Cassandra Johnson Gaither

Cassandra Johnson Gaither

Research Social Scientist - USDA Forest Service

Atlanta’s South River Forest: A Consideration of Affordable Housing

April 07, 2022 - 11:30 AM

This exploratory research begins to unpack the association between involuntary neighborhood transiency (i.e., forced household moves) and civic environmental stewardship, focusing on four neighborhoods adjacent to forest patches in the City of Atlanta, Georgia USA. The patches emerged on the sites of former public housing communities after the city razed housing projects in the first decade of the 2000s. Given intense competition for city land, e.g., affordable housing needs versus greenspace preservation, we might expect neighborhood level inquiry about plans for these properties; however, there is no indication of popular interest in the sites. We suggest that such engagement is inhibited, in part, by involuntary, neighborhood transiency, as the neighborhoods surrounding the patches are inhabited mostly by low-income, African American renters, a highly transient population. Our analysis examines neighborhood transiency as an a priori social condition that necessarily influences people’s engagement with urban greenspaces, in this case forest patches.

Speaker Biography

Dr.
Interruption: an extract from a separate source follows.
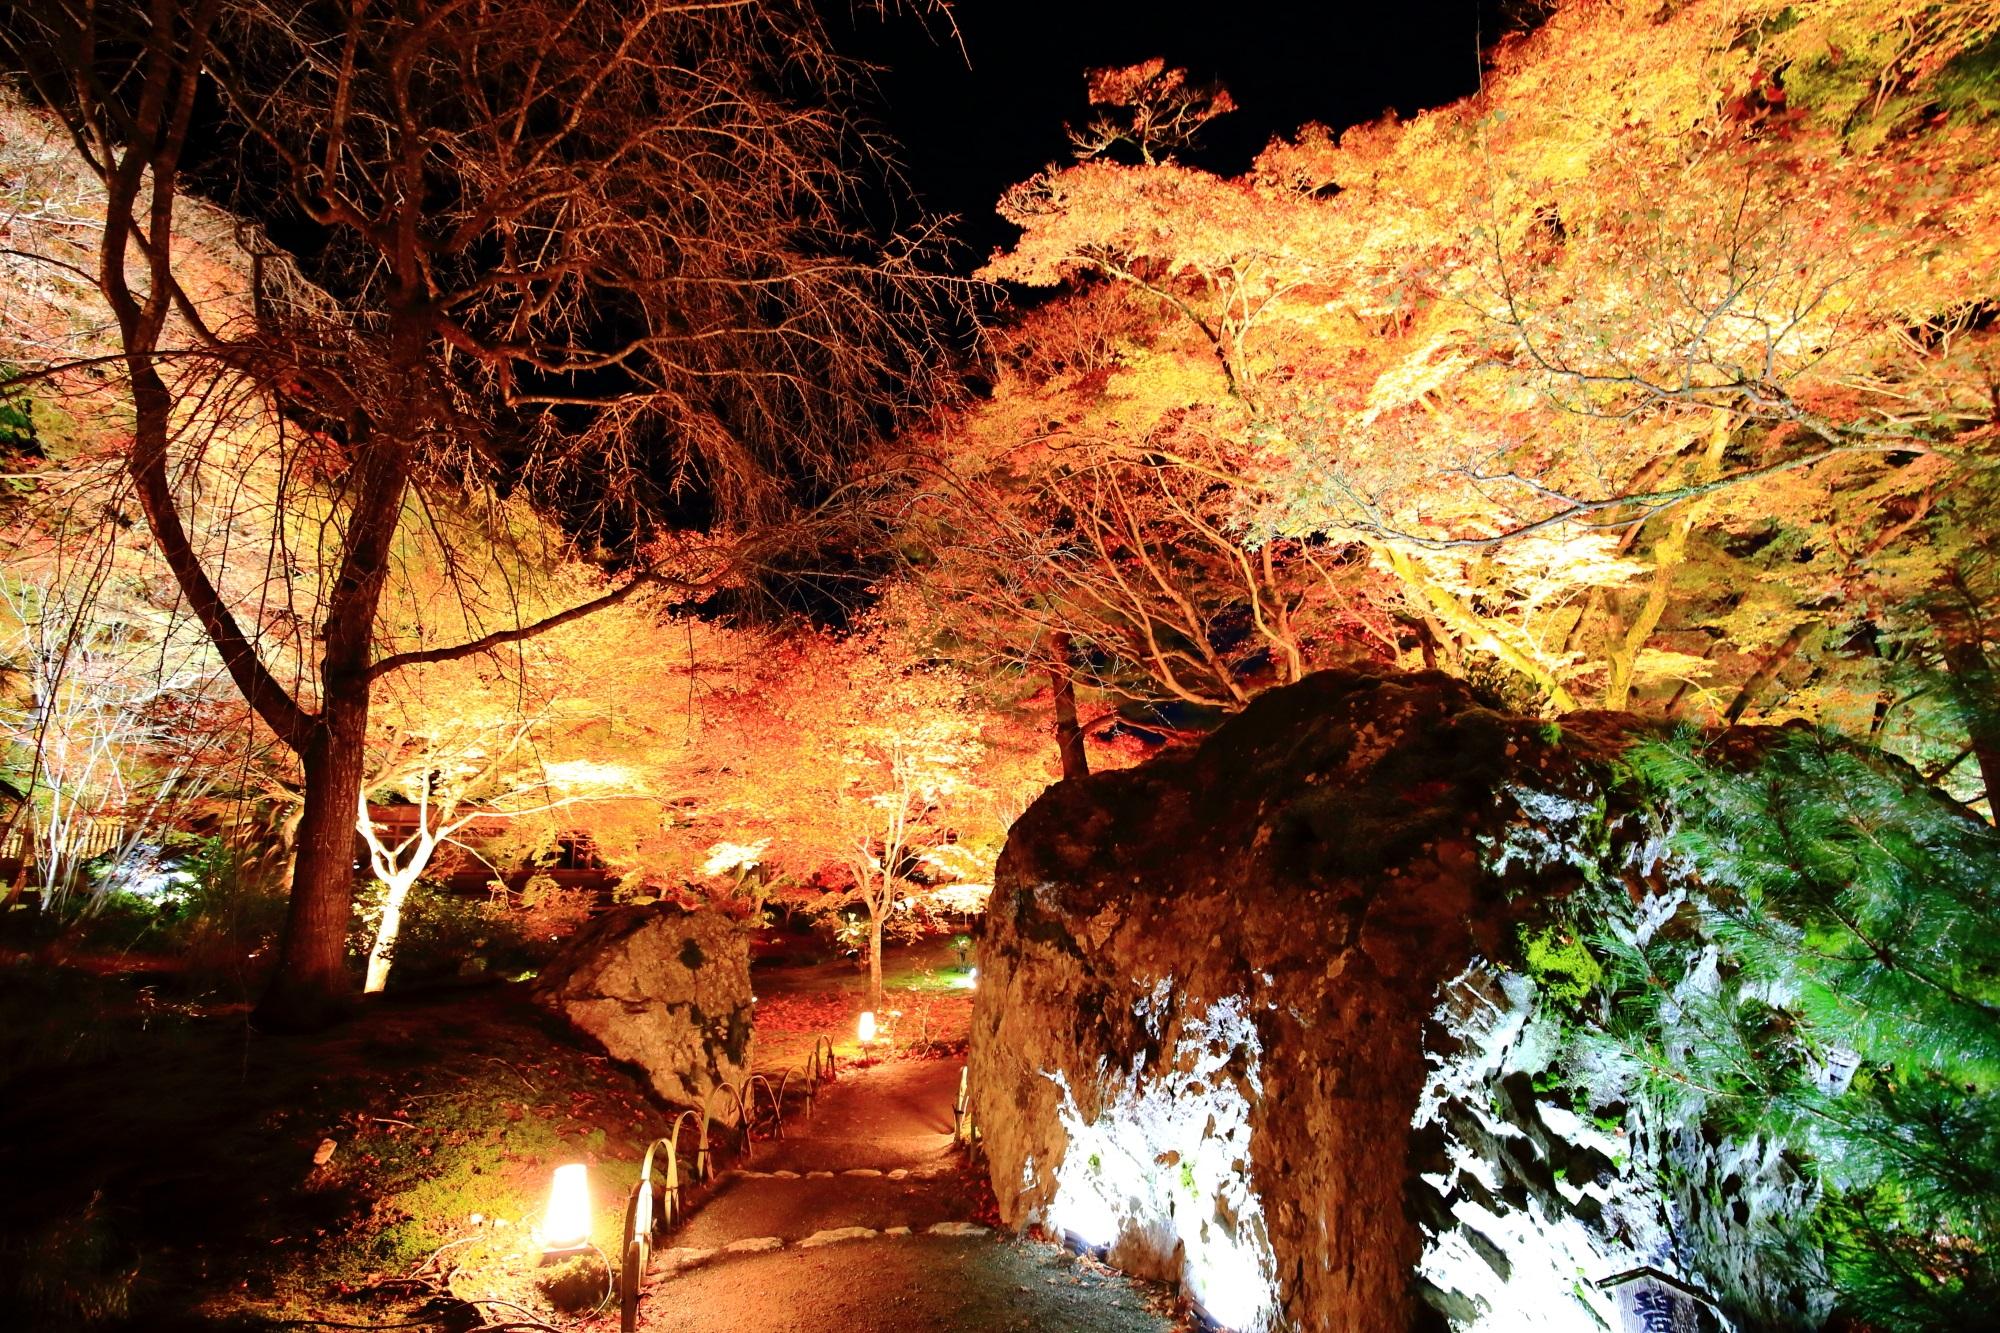 嵐山天龍寺の宝厳院の碧岩と見ごろの紅葉ライトアップ

Cassandra Johnson Gaither is a Research Social Scientist with the Southern Research Station, USDA Forest Service, in Athens, GA (  Her research interests address human perceptions and interactions with nature and the environment.  She has published research addressing social group visitation to wild land recreation areas, environmental justice as this relates to minority and lower wealth group access to outdoor recreation facilities, and more recently, the intersection of socially vulnerable populations and environmental risk.  Her work currently focuses on the intersection of property ownership and social vulnerability in the South and the implications of the same for national forest management.